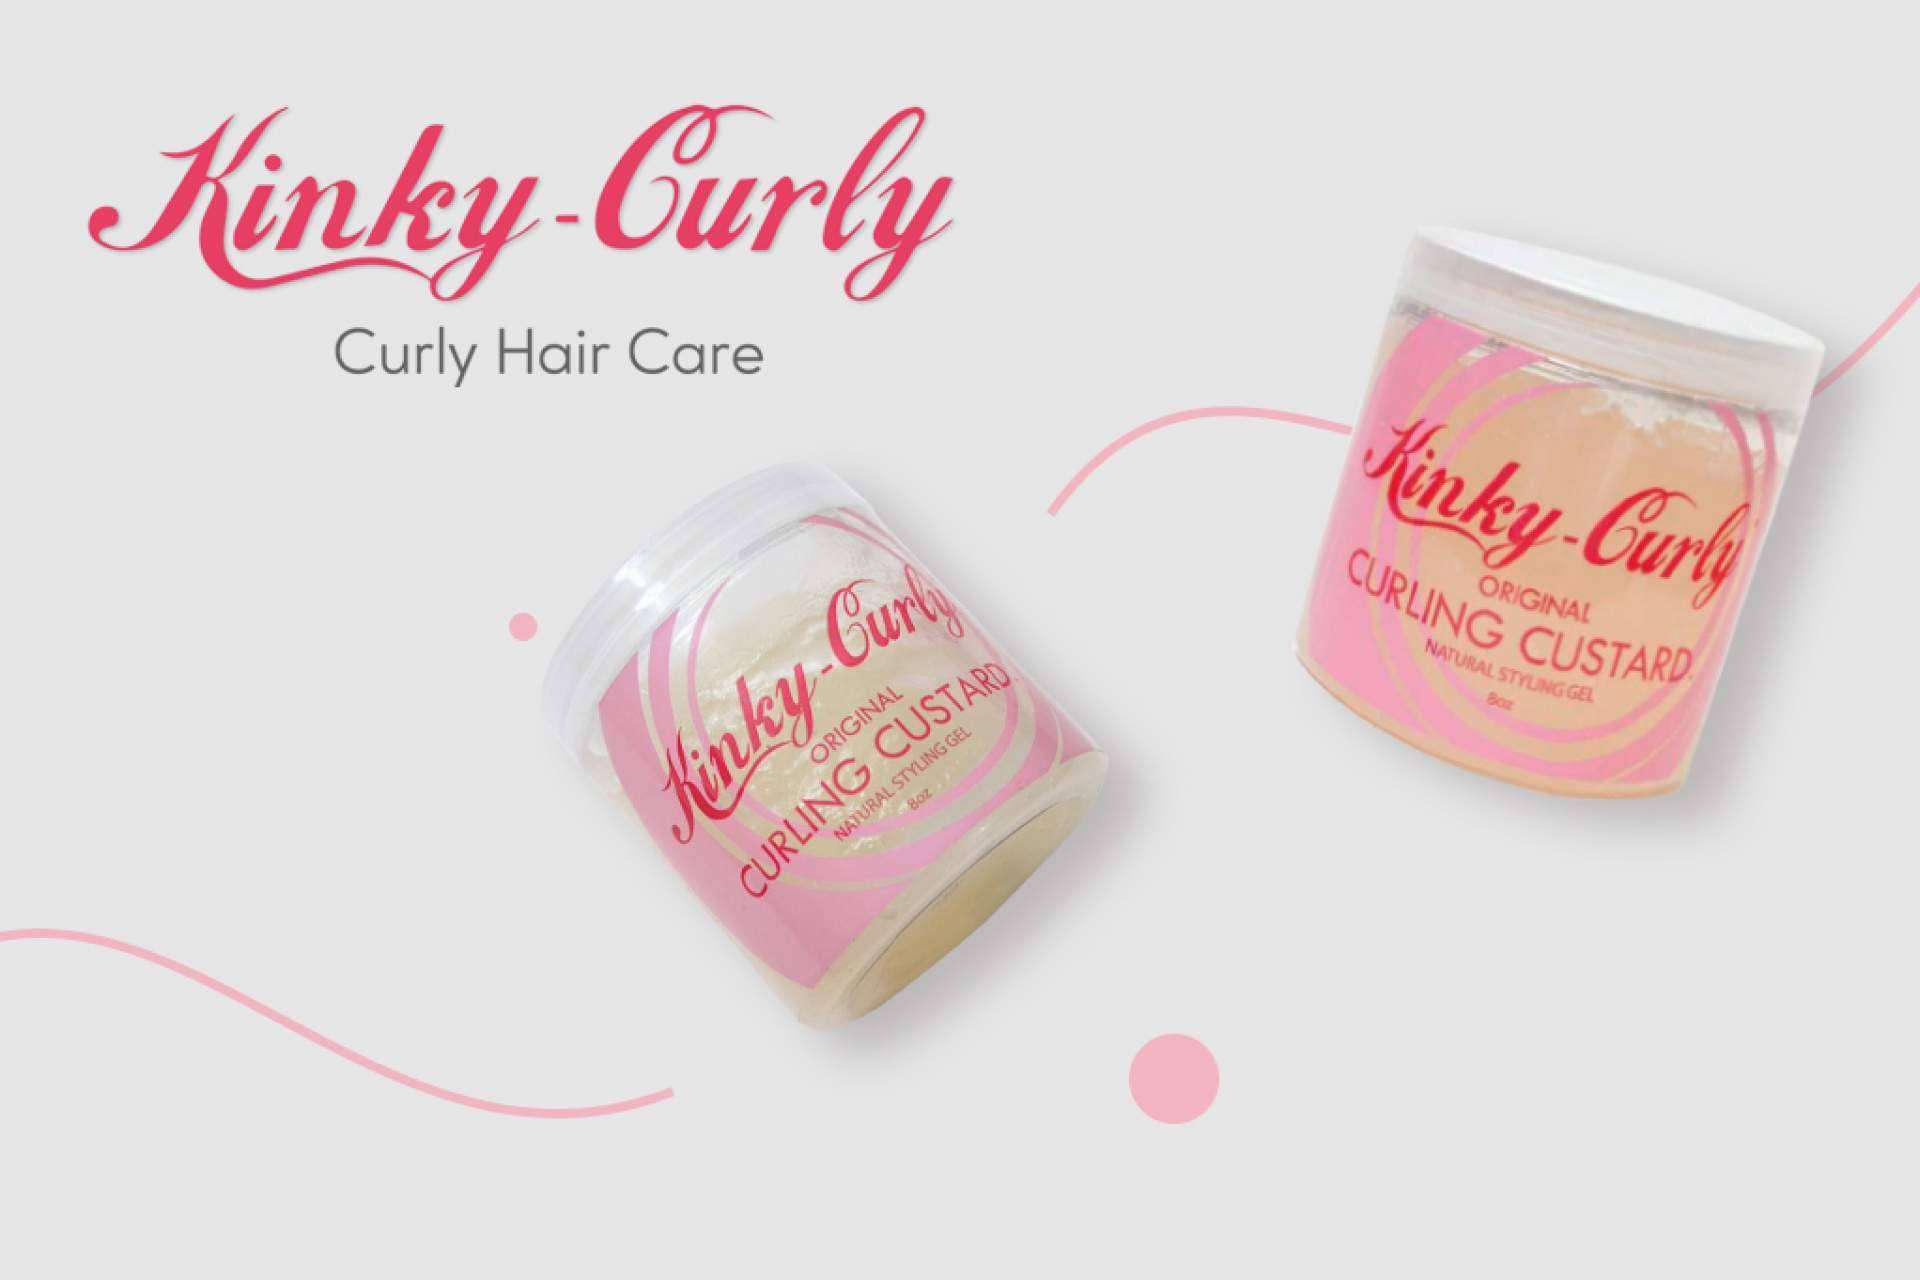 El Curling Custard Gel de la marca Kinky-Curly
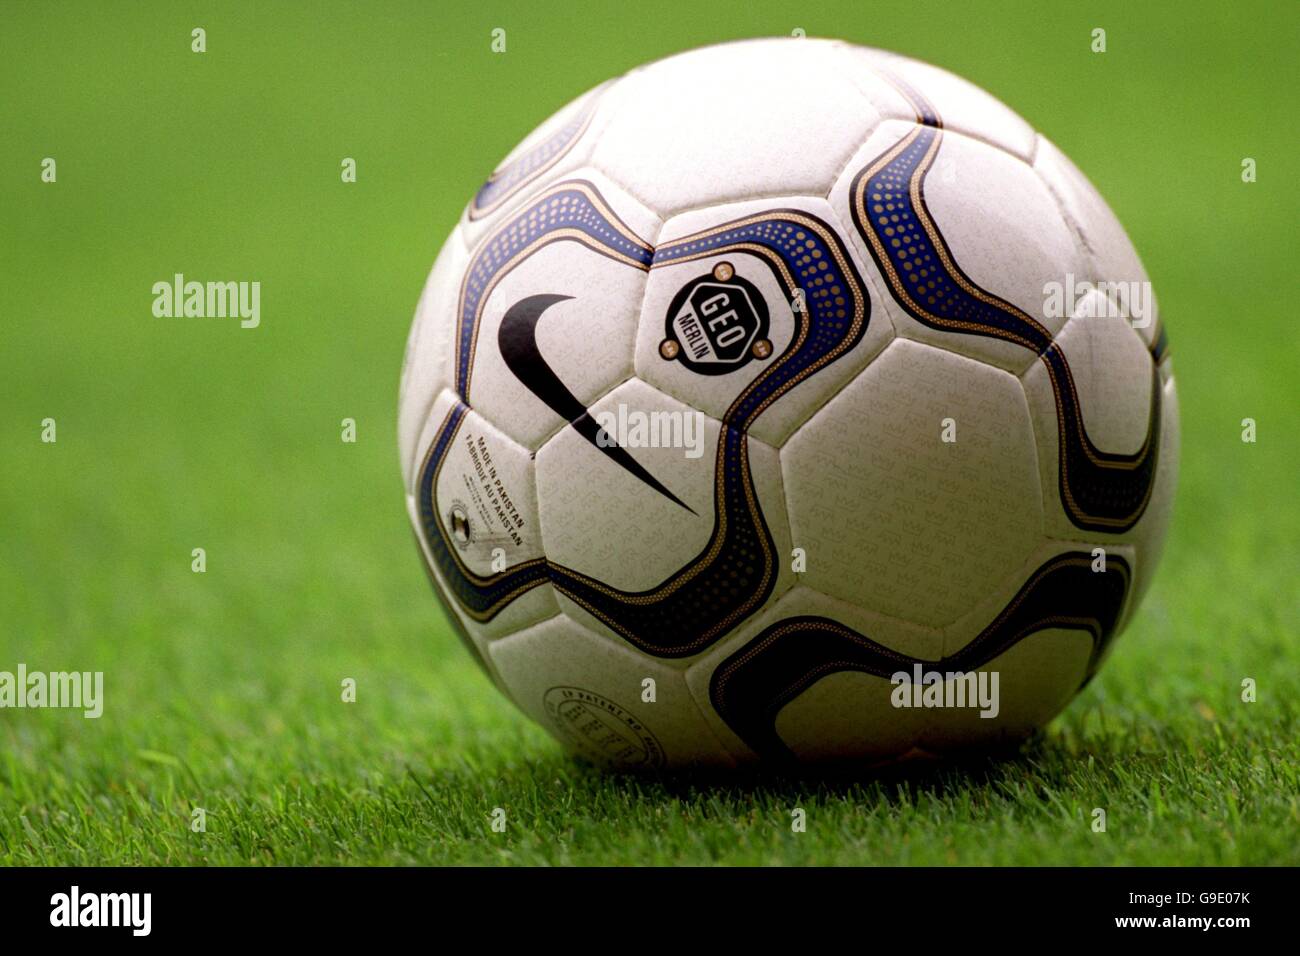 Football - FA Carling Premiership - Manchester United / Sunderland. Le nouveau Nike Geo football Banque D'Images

*****

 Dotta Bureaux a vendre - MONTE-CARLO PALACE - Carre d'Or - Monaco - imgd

*****

Exercise directions: Nothing but the lines from the one with "El Curling Custard" to the one with "Football - FA" above, both included, should be transcribed, exactly and without pictures.

Response:
 El Curling Custard Gel de la marca Kinky-Curly
 Football - FA Carling Premiership - Manchester United / Sunderland. Le nouveau Nike Geo football Banque D'Images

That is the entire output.